/anchor-topic

This package supports implementation of anchor-based topic modeling and variants of the anchoring algorithm in Python 3.

Primary LanguagePythonMIT LicenseMIT

anchor-topic

This package supports implementation of anchor-based topic modeling and variants of the anchoring algorithm in Python 3.

If you use this package for academic research, please cite the relevant papers.

Installation

Install the package through terminal with this command:

pip install anchor-topic 

Dependencies (Numpy, Scipy, Numba) will be installed as well.

Models

To build a topic model using the code, you must include this import statement:

import anchor_topic.topics

Preprocessing

Anchoring algorithm takes in word-document matrix M as input (M(i,j) = frequency of word i in document j). As with other topic models, corpus should be preprocessed to improve quality of model. The word-document matrix M should be of type scipy.sparse.csc_matrix.

Anchoring

To build an anchor-based topic model for monolingual corpus, use the following function:

A, Q, anchors = anchor_topic.topics.model_topics(M, k, threshold)

Inputs:

  • M, word-document matrix
  • k, is number of topics
  • threshold, minimum percentage of document occurrences for word to be considered as an anchor candidate

Outputs:

  • A, word-topic matrix
  • Q, word-cooccurrence matrix
  • anchors, 2D list of anchor words for each topic

Multilingual anchoring

To build an anchor-based topic model for comparable corpora, use the following function:

A1, A2, Q1, Q2, anchors1, anchors2 = anchor_topic.topics.model_multi_topics(M1, M2, k, threshold1, threshold2, dictionary)
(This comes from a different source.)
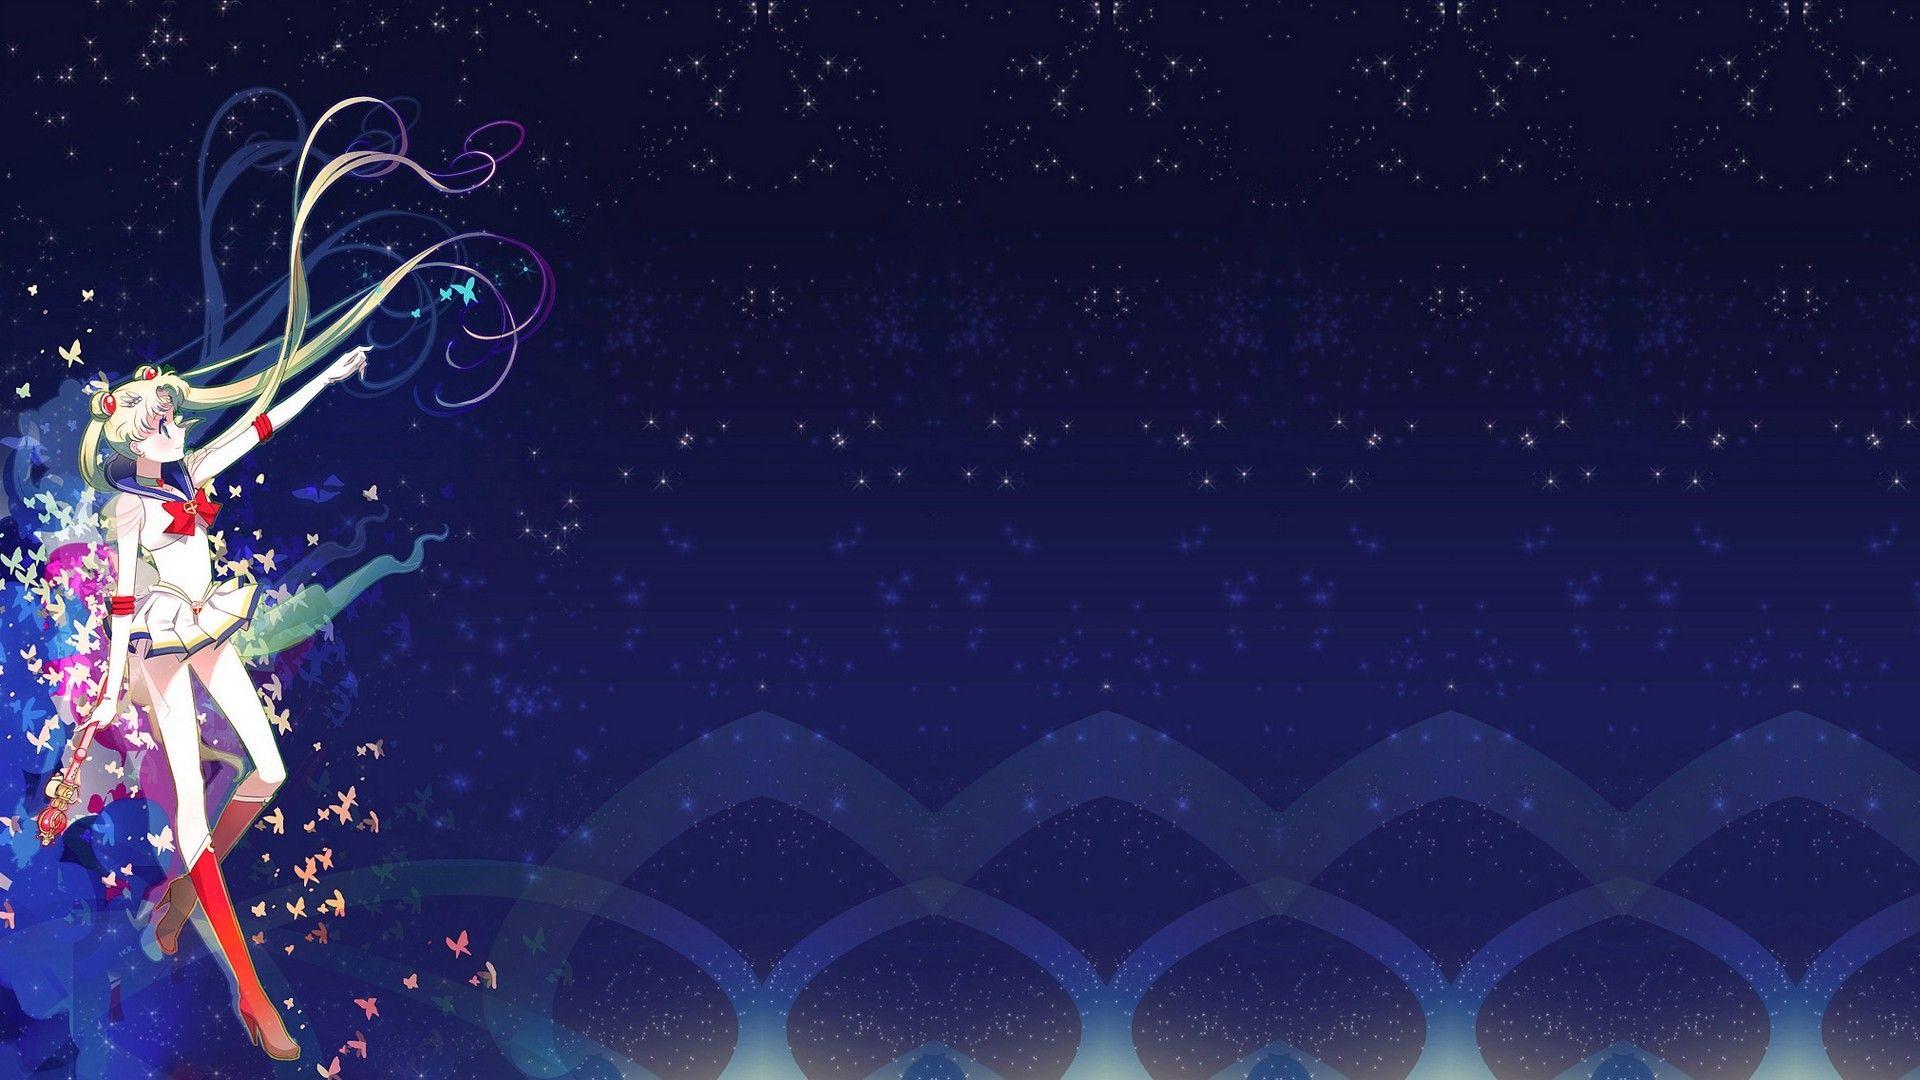 Sailor Moon Aesthetic Desktop Wallpapers Desktop Wallpaper

dictionary should be a text file where each line is a tab-separated dictionary entry.

hello  你好
goodbye 再見

Updating topics

To support topic model interactivity, users can choose their own anchors. First, topic model should be built from anchoring algorithm to get initial anchors and word-cooccurrence matrix Q. Then, use the following function to update topics:

A = update_topics(Q, anchors)

For each topic, user may pick one or more anchors. Make sure anchors is a 2d list of type int where each number represents the word's index in Q.

Publications

If you use this package for academic research, please cite the relevant paper(s) as follows:

@inproceedings{yuan2018mtanchor,
  title={Multilingual Anchoring: Interactive Topic Modeling and Alignment Across Languages},
  author={Yuan, Michelle and Van Durme, Benjamin and Boyd-Graber, Jordan},
  booktitle={Advances in neural information processing systems},
  year={2018}
}

@inproceedings{lund2017tandem,
  title={Tandem anchoring: A multiword anchor approach for interactive topic modeling},
  author={Lund, Jeffrey and Cook, Connor and Seppi, Kevin and Boyd-Graber, Jordan},
  booktitle={Proceedings of the 55th Annual Meeting of the Association for Computational Linguistics (Volume 1: Long Papers)},
  volume={1},
  pages={896--905},
  year={2017}
}

@inproceedings{arora2013practical,
  title={A practical algorithm for topic modeling with provable guarantees},
  author={Arora, Sanjeev and Ge, Rong and Halpern, Yonatan and Mimno, David and Moitra, Ankur and Sontag, David and Wu, Yichen and Zhu, Michael},
  booktitle={International Conference on Machine Learning},
  pages={280--288},
  year={2013}
}

License

Copyright (C) 2018, Michelle Yuan

Licensed under the terms of the MIT License. A full copy of the license can be found in LICENSE.txt.